Le feu vert technique du FMI ouvre la voie aux discussions sur la dette
Le Fonds monétaire international (FMI) a annoncé la conclusion d'un accord au niveau des services avec les autorités du Zimbabwe portant sur la première revue de leur Staff‑Monitored Program (SMP) de dix mois. Cette validation technique, qui doit encore être approuvée par la direction du Fonds, constitue une avancée formelle pour Harare : elle permet d'asseoir un historique de réformes jugé nécessaire avant toute négociation sur l'apurement des arriérés et la restructuration de sa dette.
Le SMP, mécanisme dépourvu de financement, est conçu pour évaluer la capacité d'un pays à mettre en œuvre des réformes macroéconomiques. Pour le Zimbabwe, l'enjeu est double : restaurer la crédibilité auprès des créanciers et préparer le terrain d'un réengagement avec la communauté financière internationale après des années d'isolement et d'arriérés.
« une étape importante dans la consolidation des récents acquis de la stabilisation et dans la constitution d'un historique de réformes en vue de l'apurement des arriérés, de la restructuration de la dette et du réengagement avec la communauté internationale »
Le FMI estime dans son évaluation que la mise en œuvre du programme jusqu'à fin mars 2026 a été satisfaisante, avec des objectifs quantitatifs globalement atteints. Cette première revue intervient un peu plus de trois mois après l'approbation initiale du SMP, en mars 2026, et marque une rupture par rapport au précédent dispositif démarré en 2019, qui n'avait pas été mené à terme.
Un contexte politique susceptible d'influer sur la trajectoire économique
La progression économique observée est toutefois encadrée par des développements politiques sensibles. Le président Emmerson Mnangagwa a promulgué, le 7 juillet 2026, une révision constitutionnelle prolongeant son mandat de deux ans (jusqu'en 2030), repoussant les élections générales et modifiant le mode d'élection future du chef de l'État. Ces réformes ont été vivement contestées par l'opposition et des organisations de la société civile.
Aux yeux des partenaires internationaux, la crédibilité d'un programme économique dépend autant de la discipline budgétaire et des réformes structurelles que de la stabilité politique et de la transparence des processus institutionnels. Le gouvernement zimbabwéen tente donc d'équilibrer une communication destinée aux bailleurs avec une stratégie interne d'affirmation du pouvoir.

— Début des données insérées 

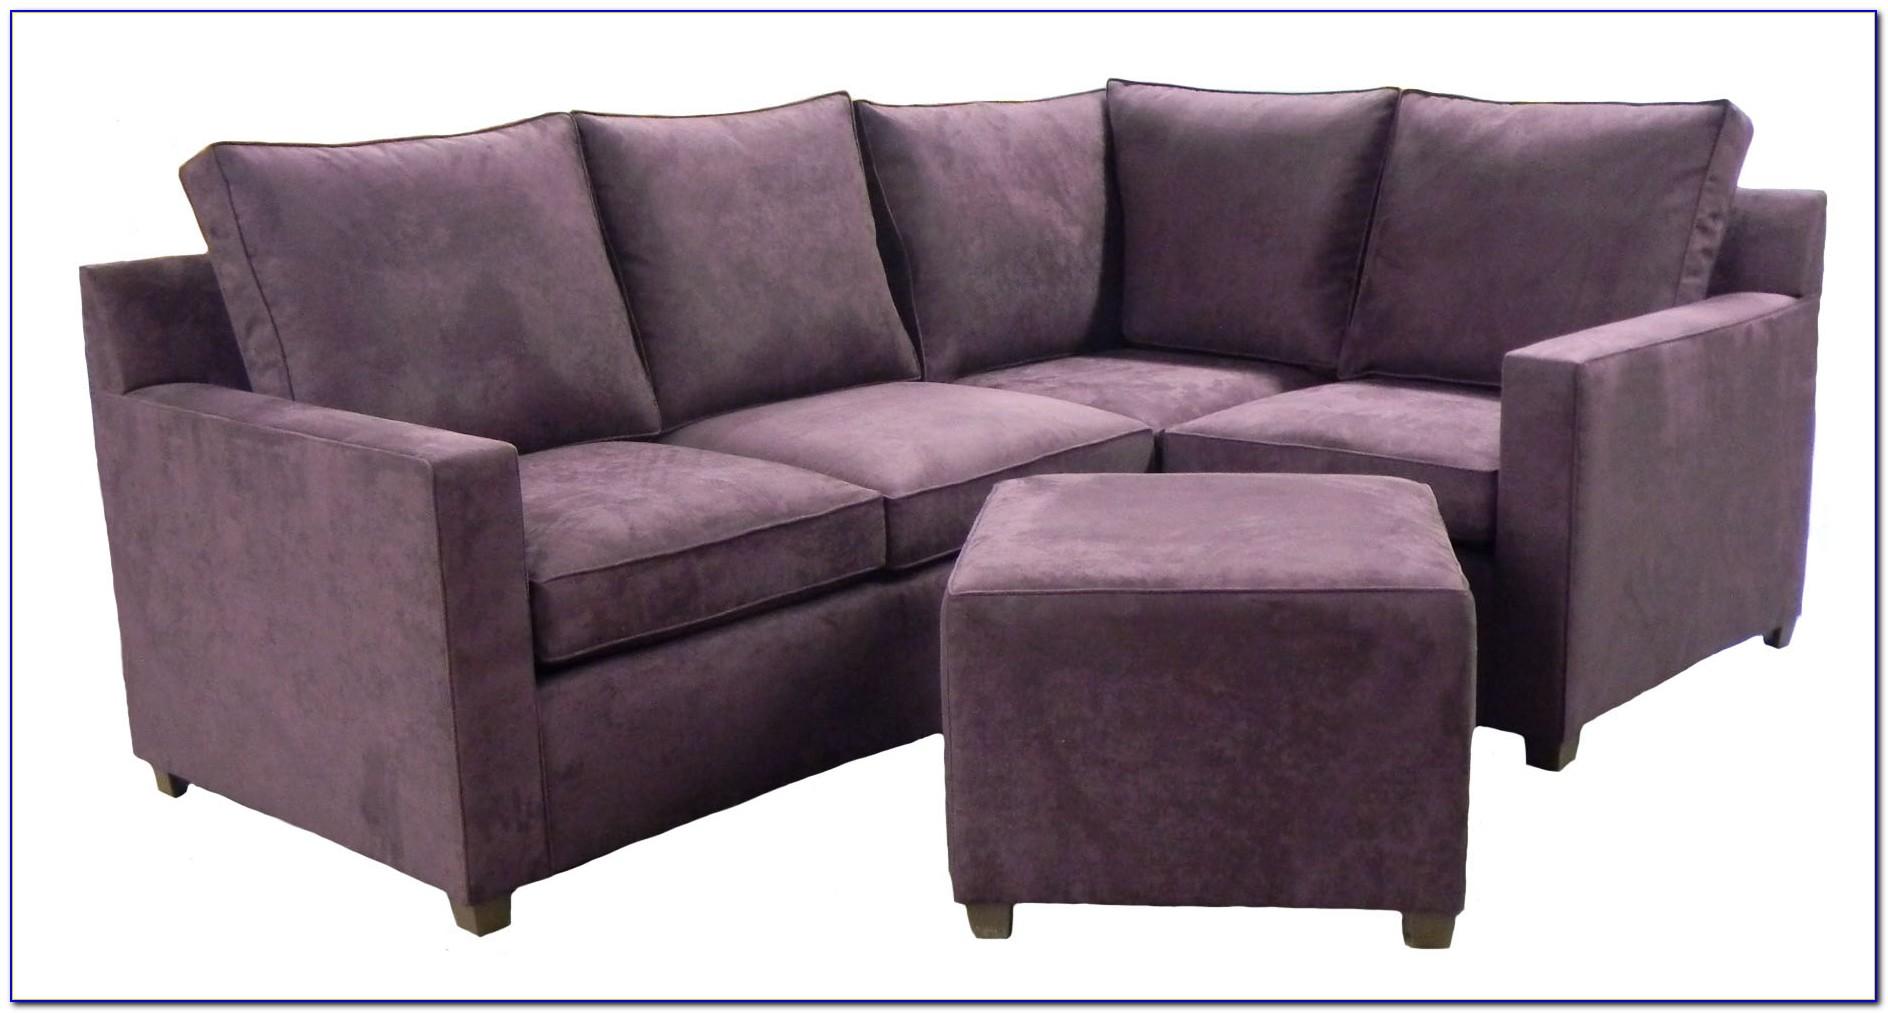 Apartment Size Sectional Sofa Toronto

Conséquences probables et prochaines étapes
- Si la direction du FMI approuve la revue, Harare pourra prétendre à des négociations plus avancées sur l'apurement de ses arriérés extérieurs et la restructuration de sa dette.
- La confirmation d'un historique de réformes facilitera le réengagement progressif avec les créanciers multilatéraux et bilatéraux, mais n'entraînera pas automatiquement de financement immédiat.
- Le calendrier politique interne et les réserves de l'opposition resteront des variables pouvant infléchir l'appétit des partenaires internationaux.
| Date | Événement |
|---|---|
| Mars 2026 | Approbation du Staff‑Monitored Program |
| Fin mars 2026 | Fin de la période évaluée par la première revue |
| 7 juillet 2026 | Promulgation de la révision constitutionnelle par le président |
Pour les observateurs économiques, la situation zimbabwéenne illustre la difficulté d'associer stabilisation macroéconomique et normalisation politique. Le résultat final dépendra autant de la ténacité des réformes macroéconomiques que de la capacité des autorités à rassurer des créanciers prudents — une équation délicate au moment où le pays cherche à sortir d'une longue période d'isolement financier.